Coder Social home page Coder Social logo

parasj / contracode Goto Github PK

View Code? Open in Web Editor NEW
165.0 8.0 27.0 10.38 MB

Contrastive Code Representation Learning: functionality-based JavaScript embeddings through self-supervised learning

Home Page: https://parasj.github.io/contracode/

License: Apache License 2.0

Python 13.89% JavaScript 1.34% Makefile 0.01% Jupyter Notebook 82.54% Shell 2.22%
deep-learning contrastive-learning momentum-contrast compiler programming-language machine-learning pytorch

contracode's Introduction

Contrastive Code Representation Learning

By Paras Jain, Ajay Jain, Tianjun Zhang, Pieter Abbeel, Joseph E. Gonzalez and Ion Stoica (website)

Learning functionality-based representations of programs

Machine-aided programming tools such as type predictors and code summarizers are increasingly learning-based. However, most code representation learning approaches rely on supervised learning with task-specific annotated datasets. We propose Contrastive Code Representation Learning (ContraCode), a self-supervised algorithm for learning task-agnostic semantic representations of programs via contrastive learning.

Our approach uses no human-provided labels, relying only on the raw text of programs.

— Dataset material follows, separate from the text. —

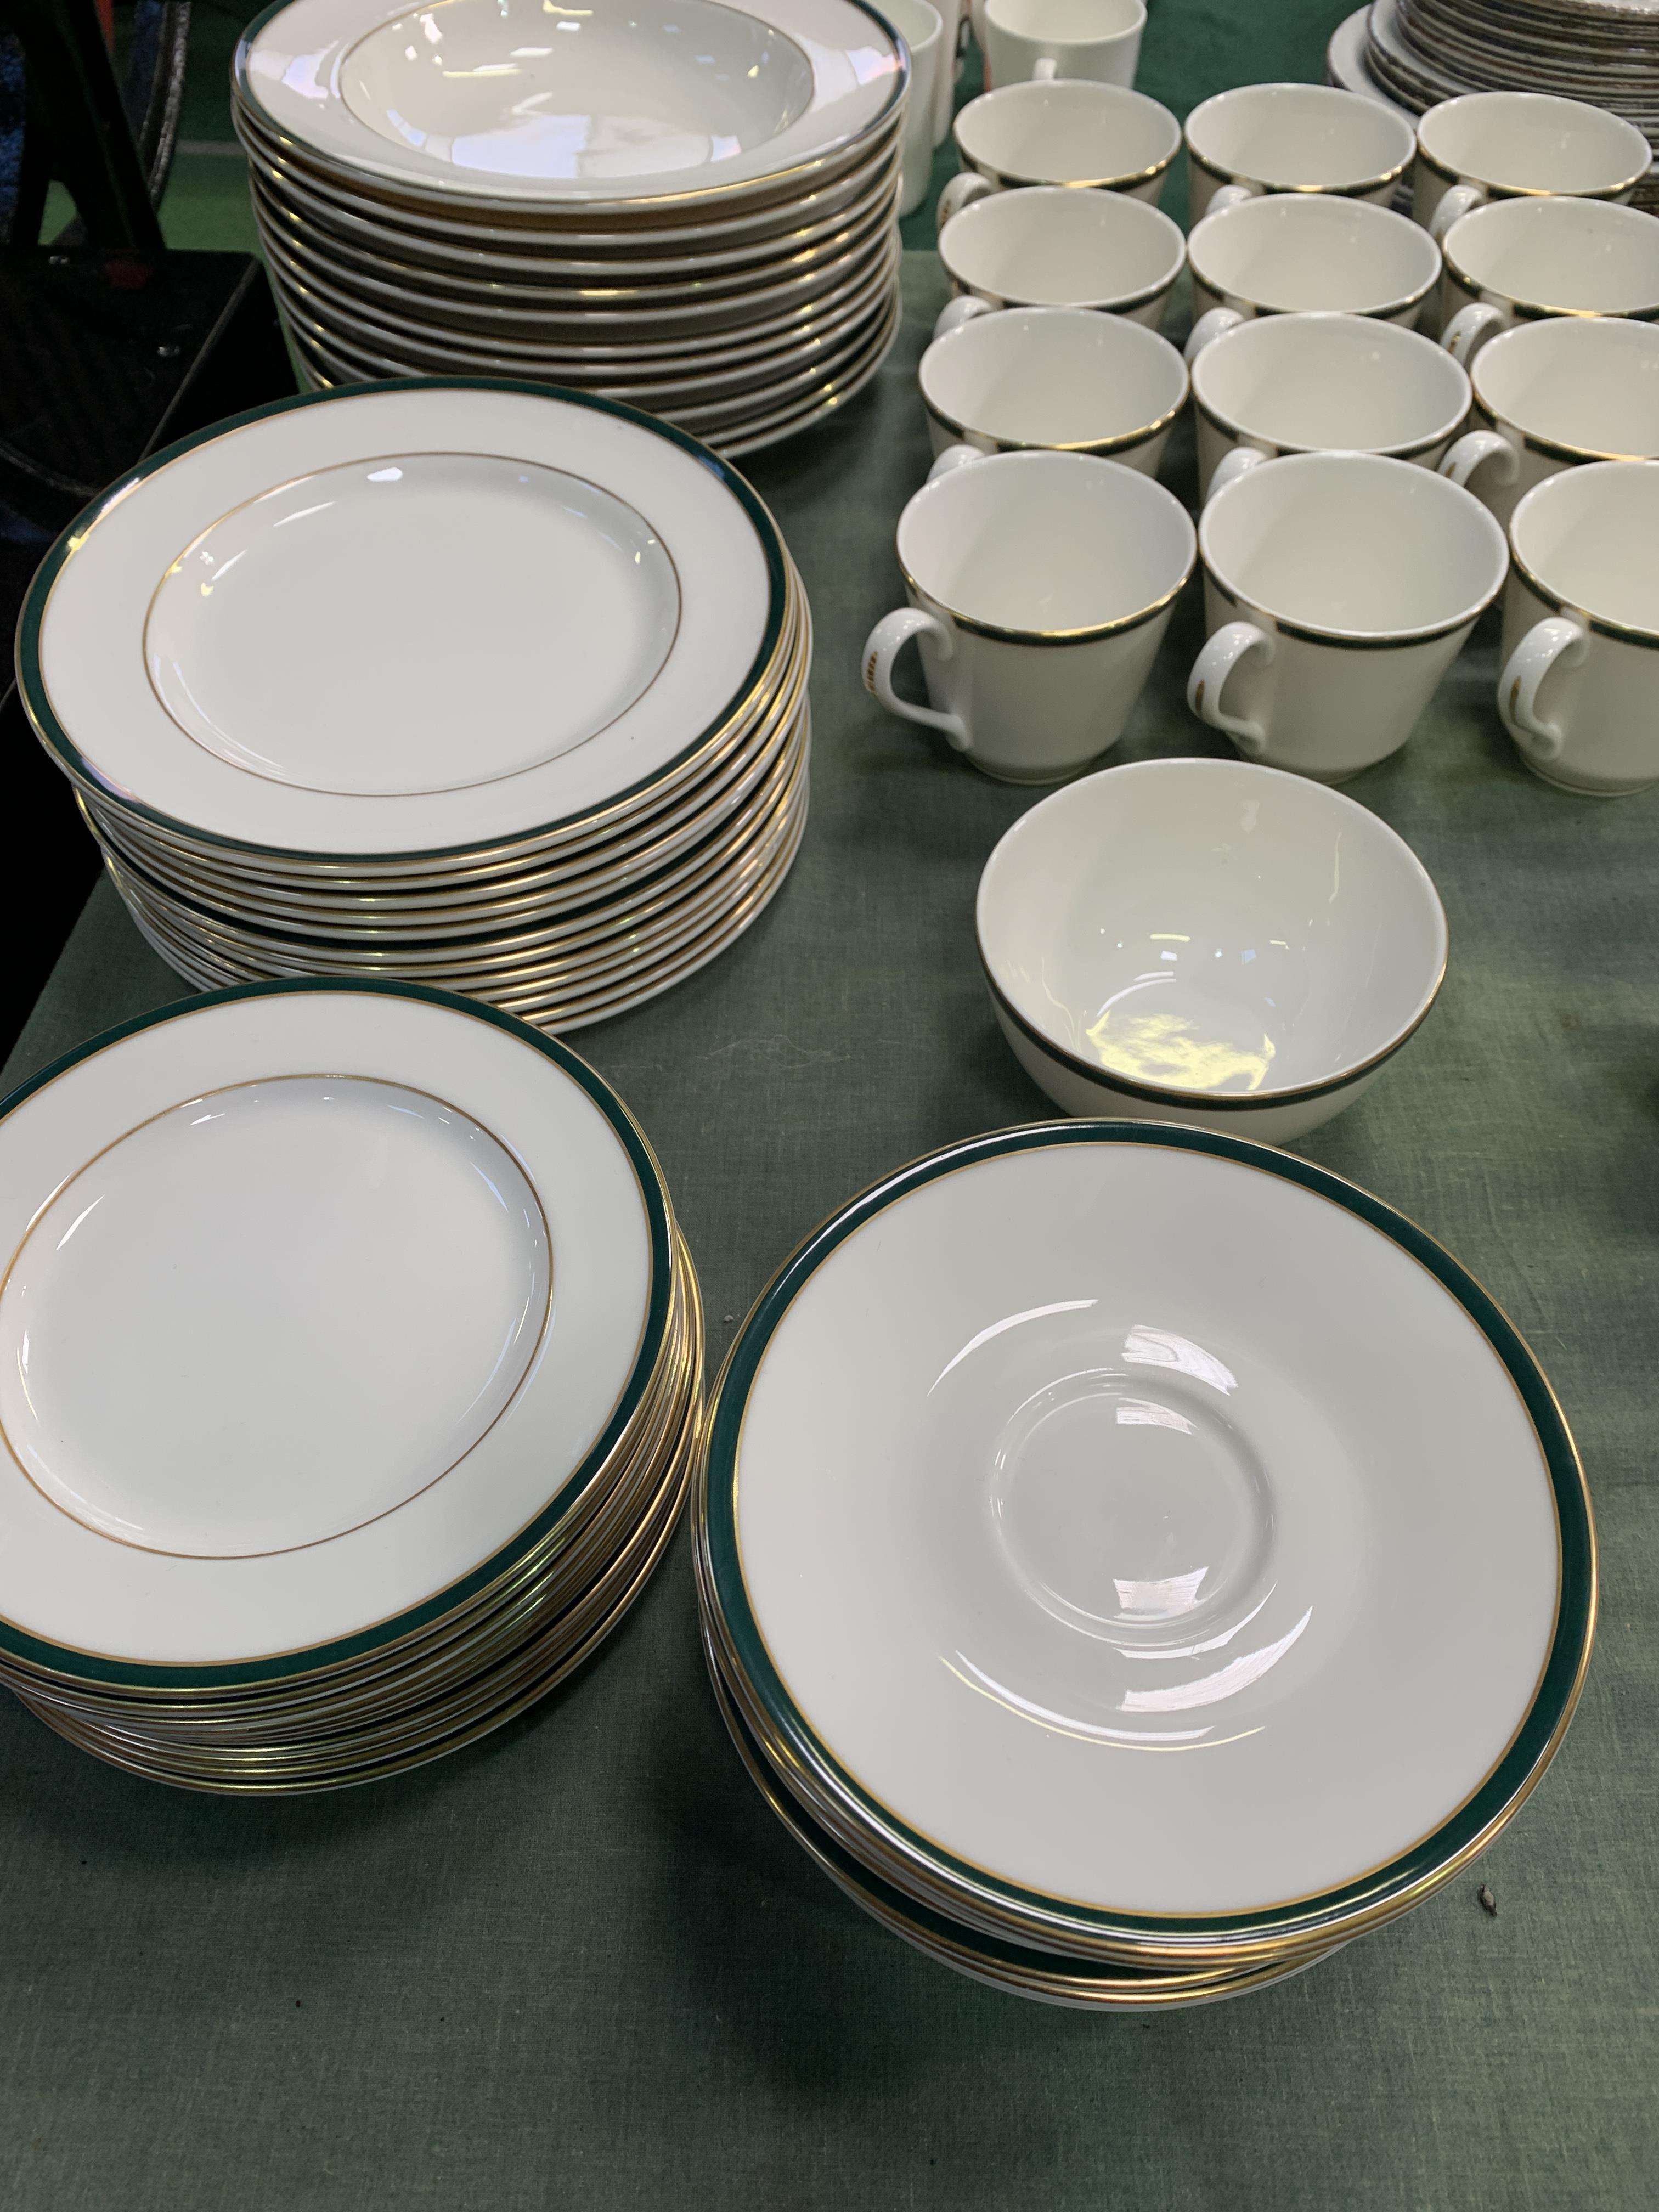 Royal Doulton 'Oxford Green' ten place setting dinner service - Image 5 of 6

In particular, we design an unsupervised pretext task by generating textually divergent copies of source functions via automated source-to-source compiler transforms that preserve semantics. We train a neural model to identify variants of an anchor program within a large batch of negatives. To solve this task, the network must extract program features representing the functionality, not form, of the program. This is the first application of instance discrimination to code representation learning to our knowledge. We pre-train ContraCode over 1.8m unannotated JavaScript methods mined from GitHub. ContraCode pre-training improves code summarization accuracy by 7.9% over supervised approaches and 4.8% over BERT pre-training. Moreover, our approach is agnostic to model architecture; for a type prediction task, contrastive pre-training consistently improves the accuracy of existing baselines.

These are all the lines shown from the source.